I was attached to a small squad whose mission was to secure landing zones, move groups of American and Vietnamese women and children to landing zones and clear buildings where sniper fire had been suspected. Clearing buildings was by far the most intense duty assignment.
By nightfall, the city was like a ghost town and the evacuation had calmed. It was obvious the United States had decided to finally leave Vietnam.
All we had to do now was find a way out. I was no longer part of the original landing team and we had just finished clearing a grocery store of suspected snipers. Time was in slow motion as we waited for a helicopter crew to break through the encircled city of Saigon and bring us back to our ship... or any ship. We could hear the sound of a chopper attempting to break through the perimeter set up by the North Vietnamese Army. Time and time again this happened and each time it failed I became more convinced we might never get out. Had we stayed too long?
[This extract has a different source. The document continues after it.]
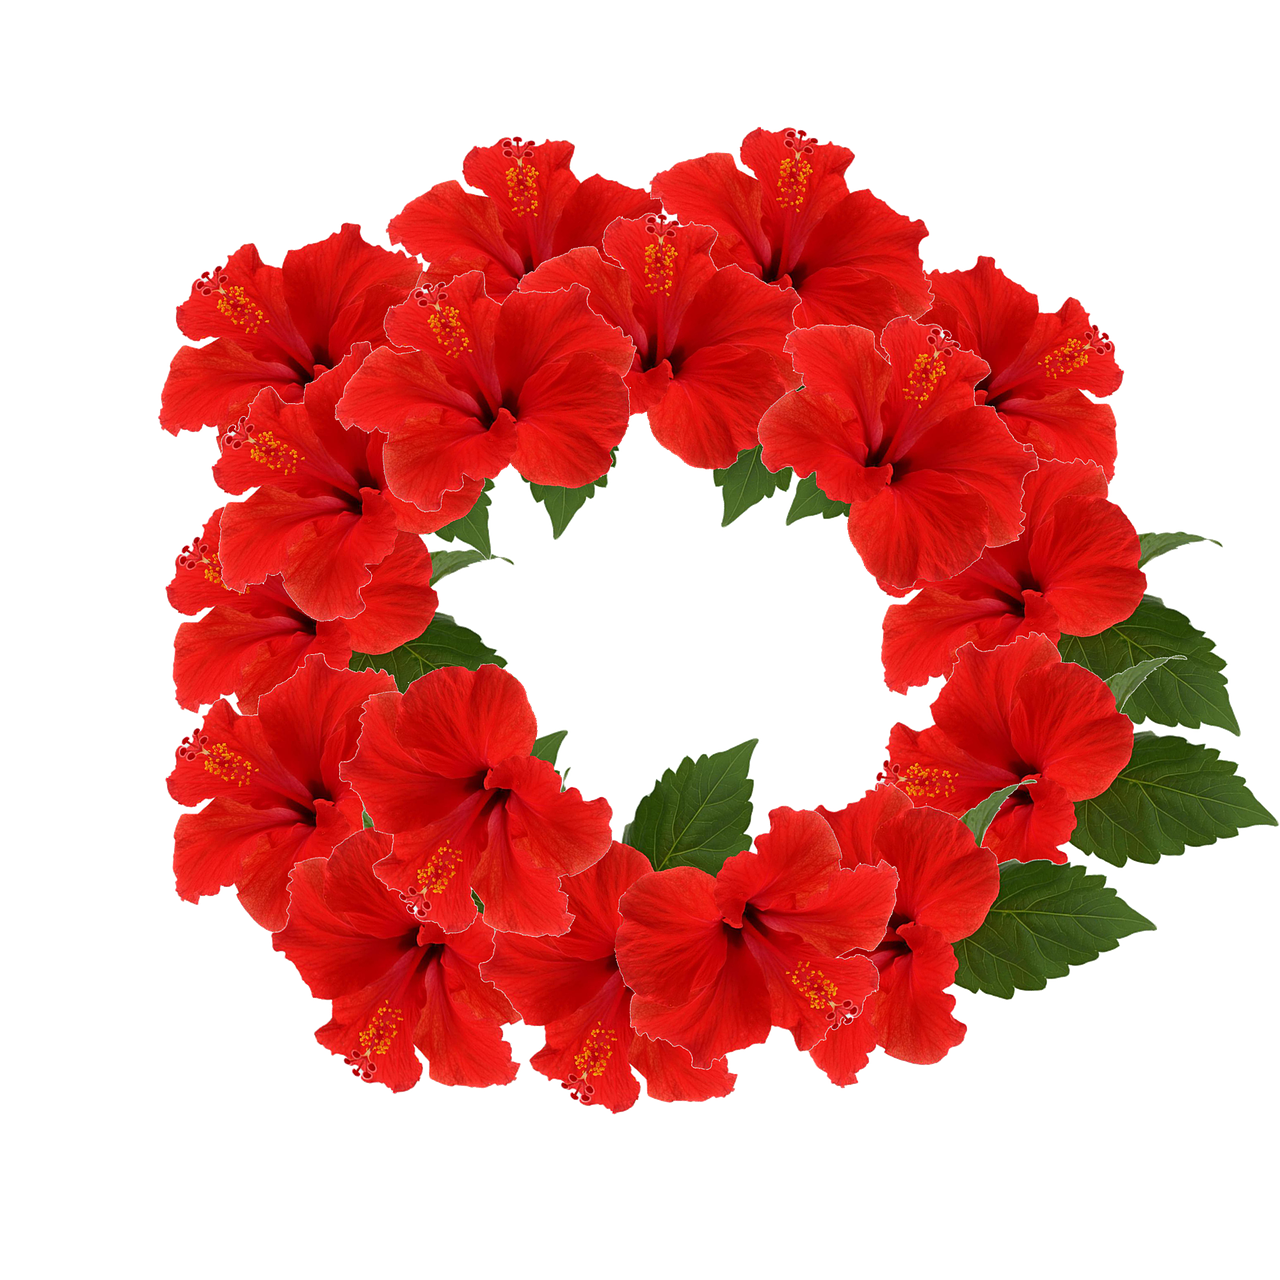 a wreath of red flowers on a black background, a digital rendering, hurufiyya, hibiscus flowers, ¯_(ツ)_/¯, image dataset, path traced

Finally a brave helicopter crew broke through and picked us up and dropped us on the USS Blue Ridge. We had left from and been attached to the USS Okinawa so we slept on the flight deck while waiting to get back to our ship. Understandably that was not a priority at the time as the evacuation was still very chaotic. It was great to be back on any ship. b In less than 24 hours I had changed my opinion of being on a ship.
It was finally the end. Over 10 years of fighting, dying and destruction was over. It was one of the most successful operations in military history and an end to a failed war.
It was one of the luckiest days of my life... and I will never forget it.